Even Devon Sawa is addicted to texting


I know this because he was sitting directly in front of me last night at the world premiere of Valkyrie, leaving me to wonder: Who on earth has Devon Sawa slighted to get put up here in the cheap seats with me and my friend, esteemed as we are?

While I wasn't staring at the back of the former teen star's head, admiring each blond hair perfectly in place, I had some time to watch the new Tom Cruise vehicle, directed by Bryan Singer (The Usual Suspects, X-Men).

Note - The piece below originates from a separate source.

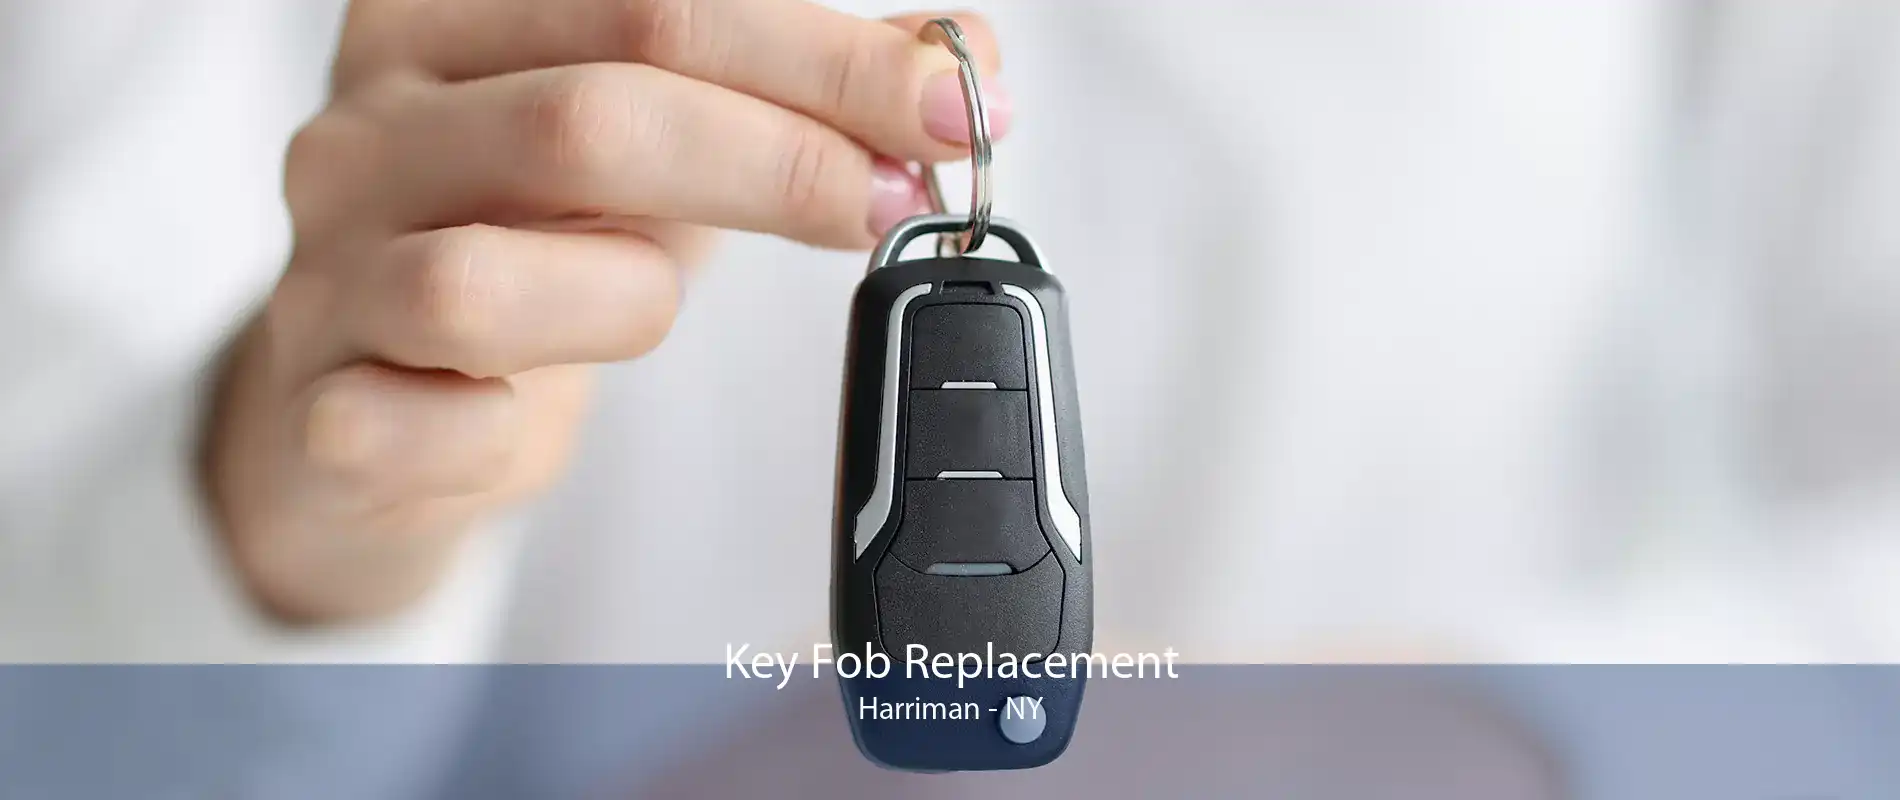 Key Fob Replacement Harriman - NY

From the start, the movie has the feel of those BIG war movies; ones that perhaps could have been made in the 1940s, with big explosions, bulletted alerts to the location and year at the opening of each scene, planes soaring over views of North Africa, or Berlin, or the Eastern Front in Russia. It tells of the real-life failed attempt (one of 15) on the life of Adolf Hitler, rife with the Titanic effect (ie, maybe this time the ship won't sink... maybe this time in history they will kill him!) so you're on the edge of your seat most of the movie, despite the grim certainty that you kind of know how this all will end.

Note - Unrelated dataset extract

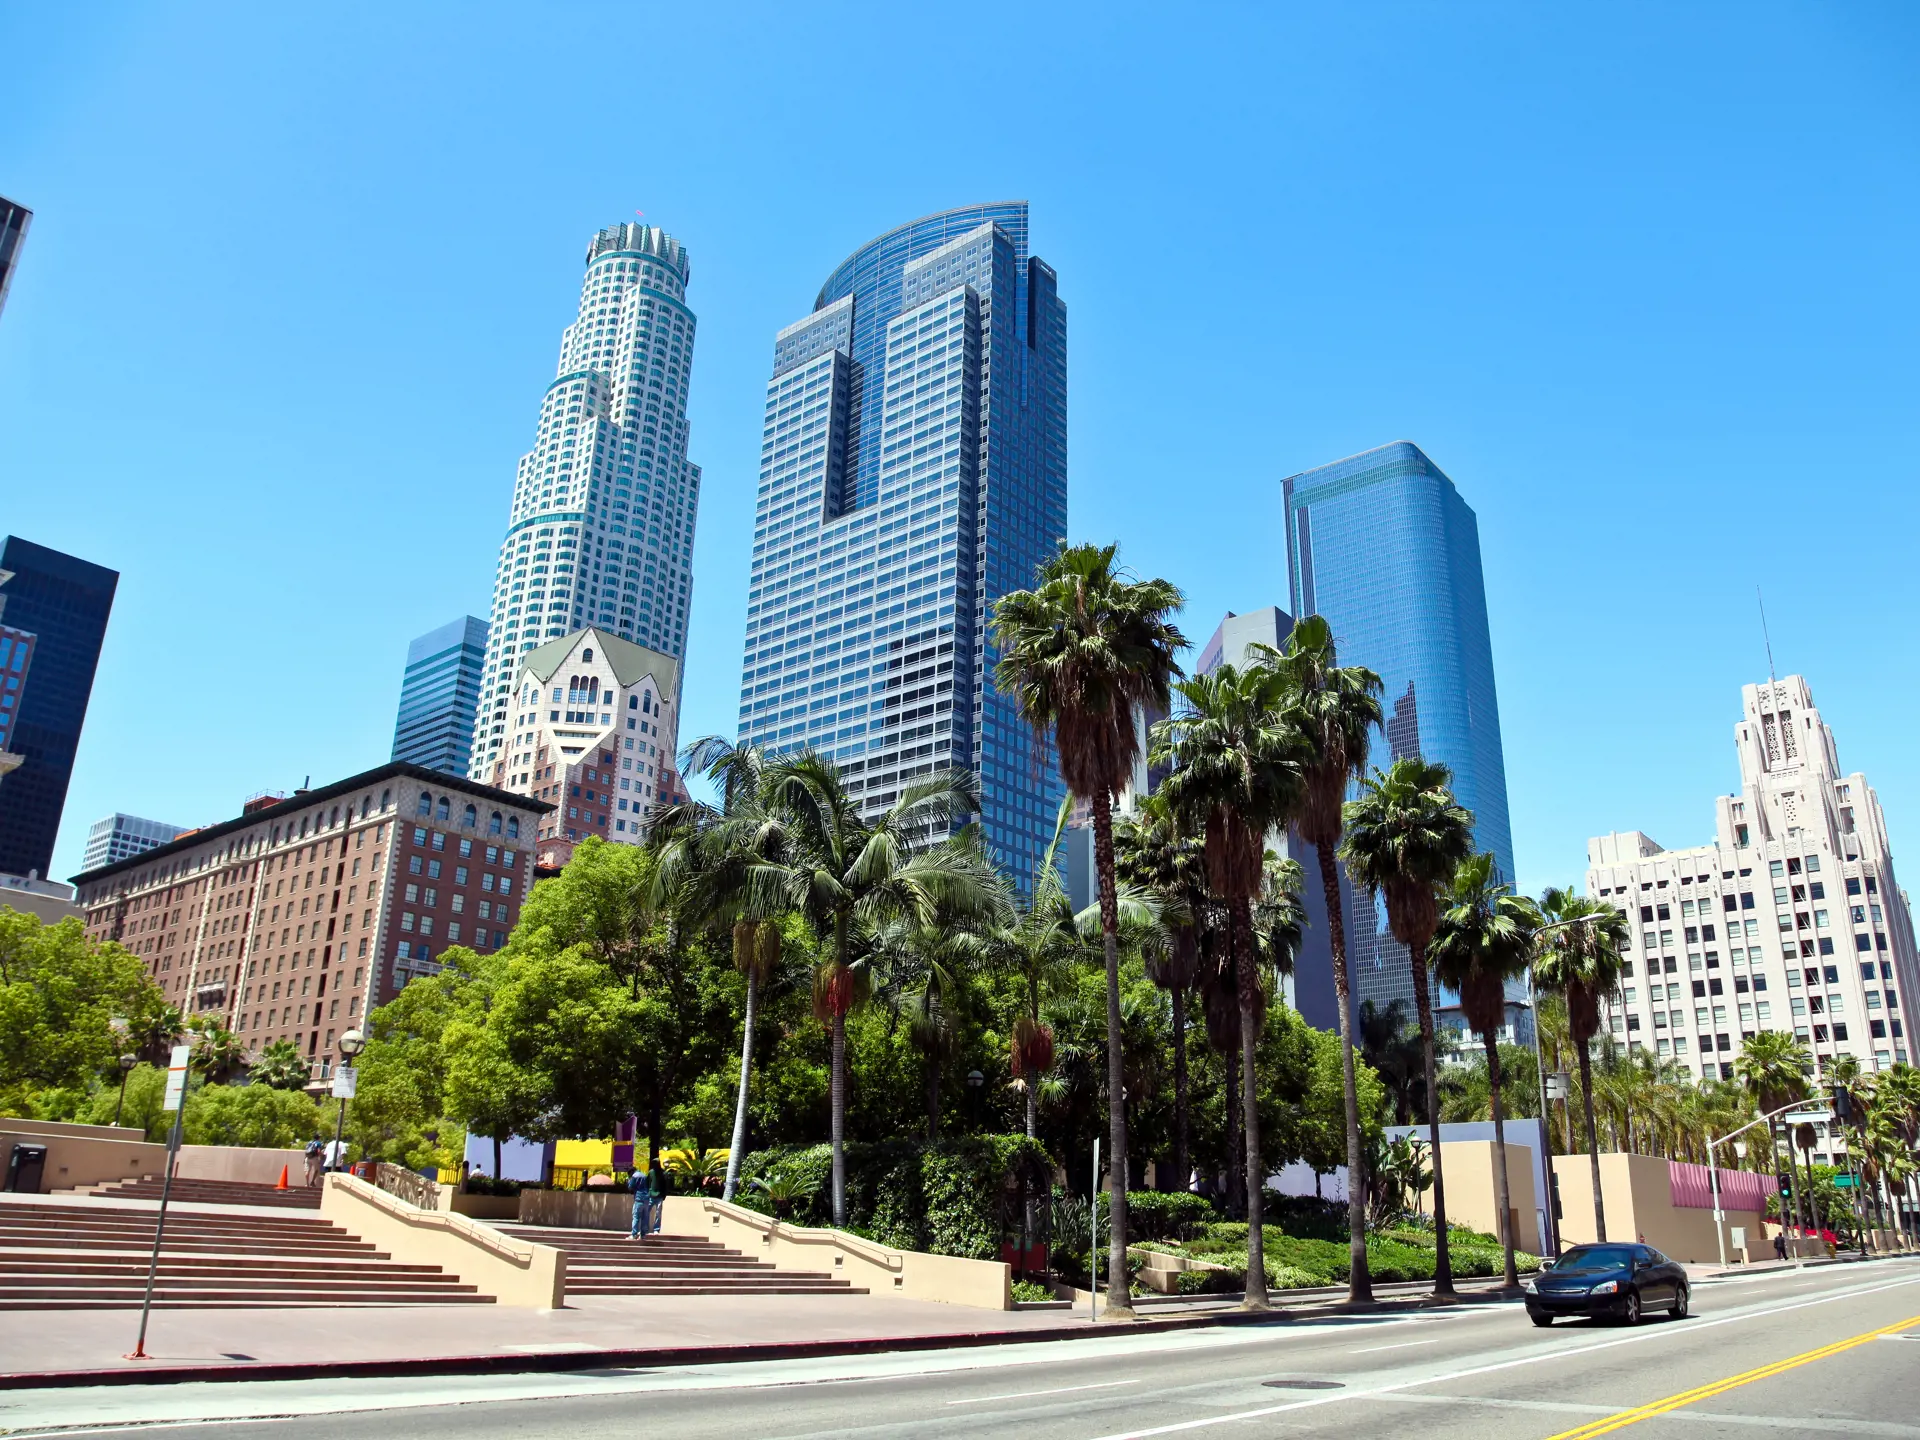 shutterstock_159014972 Panorama of Los Angeles Downtown.jpg

Tom Cruise is resolute and determined as Colonel Stauffenberg, a dissolusioned German soldier driving the assasination plot forward. His performance is OK, but I think used the physical limitatations of the character as too much of a crutch--as moving as it was to watch Cruise painstakingly button his shirt after losing a hand and three fingers to a bomb blast, struggling with a physical handicap does not an actor make. Stauffenberg also lost his left eye, which is used as a clever stage device for the film, such as when he drops his plastic eye in a co-conspirator's drink as a signal. It's also used for dramatic effect when, three quarters of the movie in, he turns slowly while shaving and the full injury is revealed up close. It's ironic, too, that for much of the movie Stauffenberg is the only one that really sees what's going on -- the evil around them, Germany's honor lost, the true stakes of their plot.

With memorable turns by Bill Nighy, Tom Wilkinson and Eddie Izzard, the movie is worth forking over $10 for over the holiday season, but I doubt we'll see it in the Oscar one.

2 comments:

Where We Stand said...

I'm a history buff- I am- but I just don't know if I can sit thru another germanic musing. Okay, who am I kidding, I probably will.

Courtney said...

Haha yeah! It certainly is interesting to see it from the German side, though to be honest I think they could have done more with it -- moral implications, etc., instead of Tom Cruise just walking around looking sad.
But the history stuff is fun, especially if you like world war 2 stuff... they say things like "panzer division" and stuff. awesome.